→ What the task requires: For the lines from the one with "Acne Studios - 1996" to the end of the listing below, both ends included, give an exact copy and nothing more. Do not copy pictures.

→ Data below:
%%
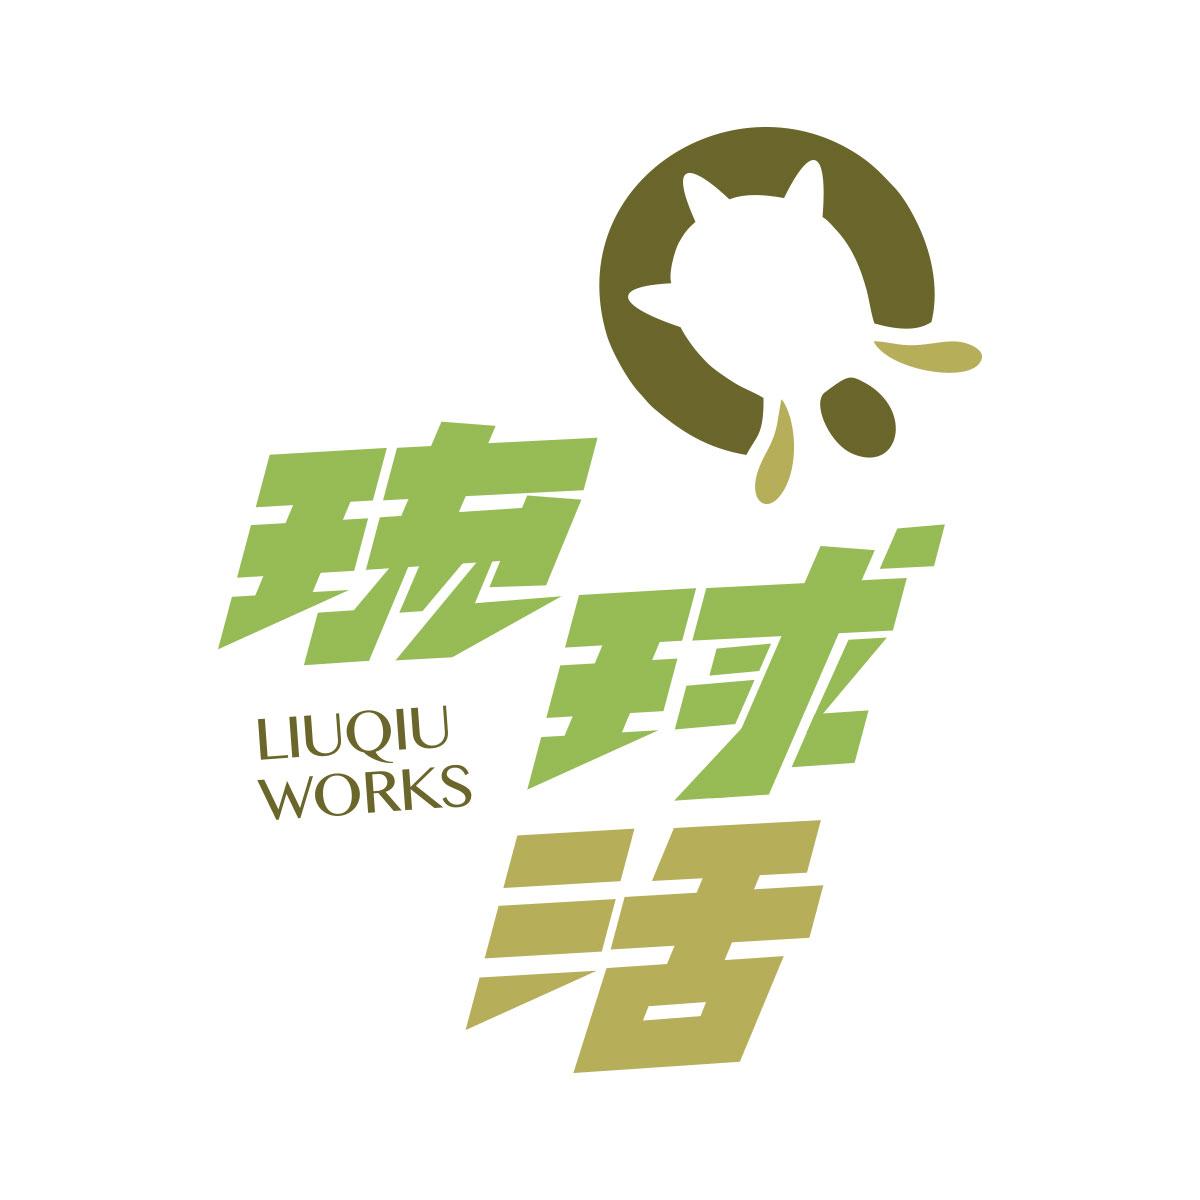 liuqiuwork-square-logo.jpg
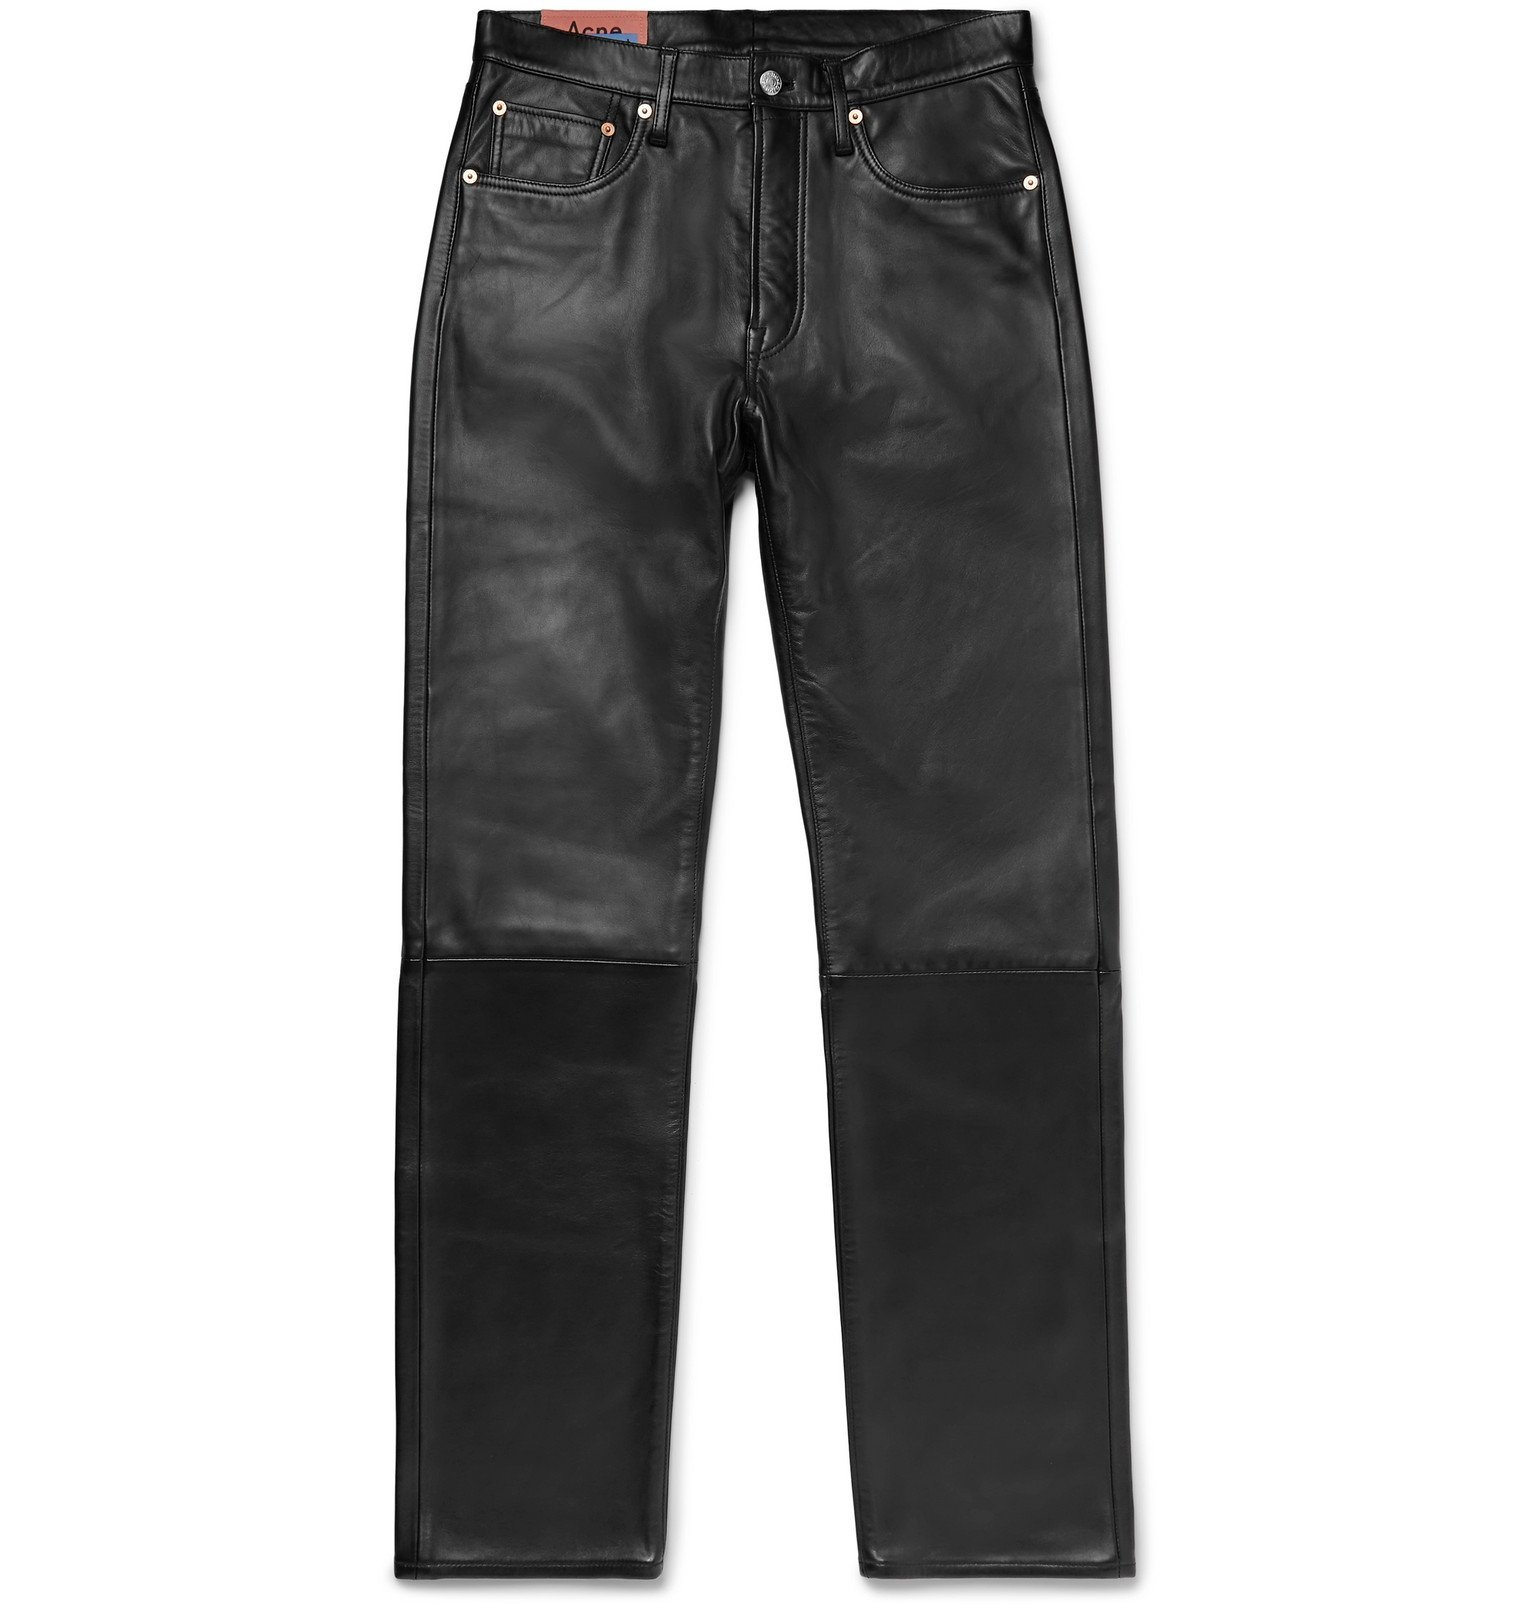 Acne Studios - 1996 Slim-Fit Leather Trousers - Black
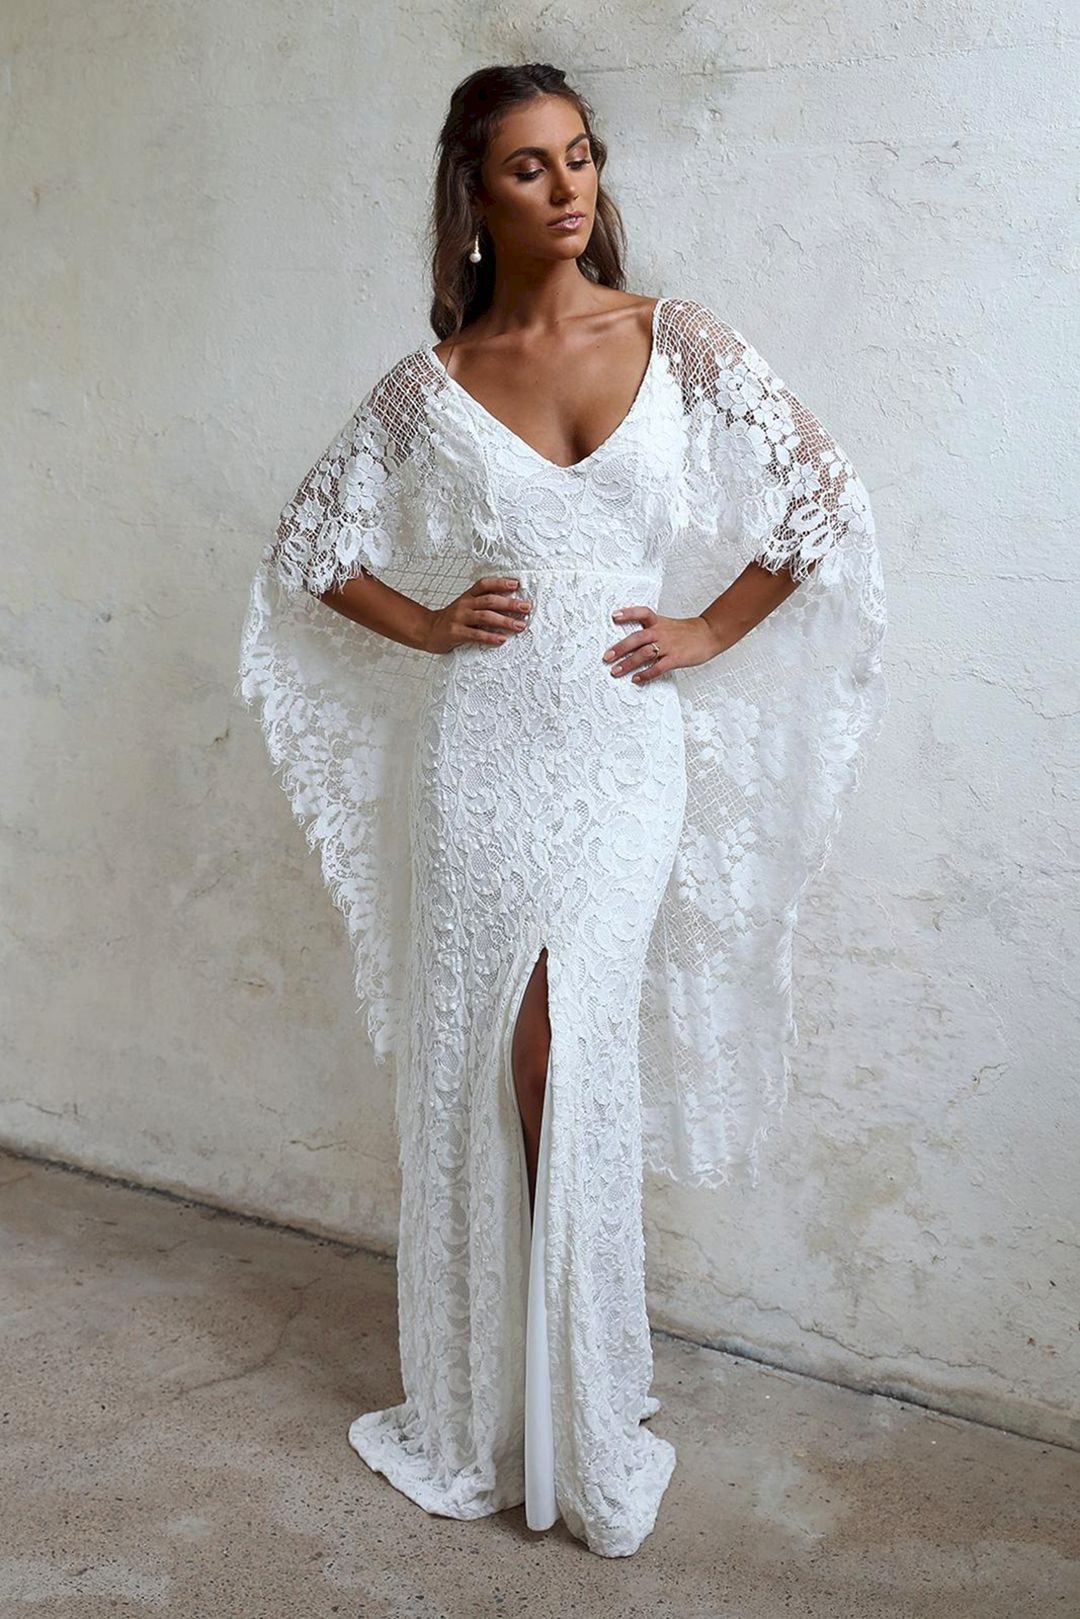 Top beautiful grace loves lace wedding dresses top lace
%%
→ Response to the task:
 Acne Studios - 1996 Slim-Fit Leather Trousers - Black
 Top beautiful grace loves lace wedding dresses top lace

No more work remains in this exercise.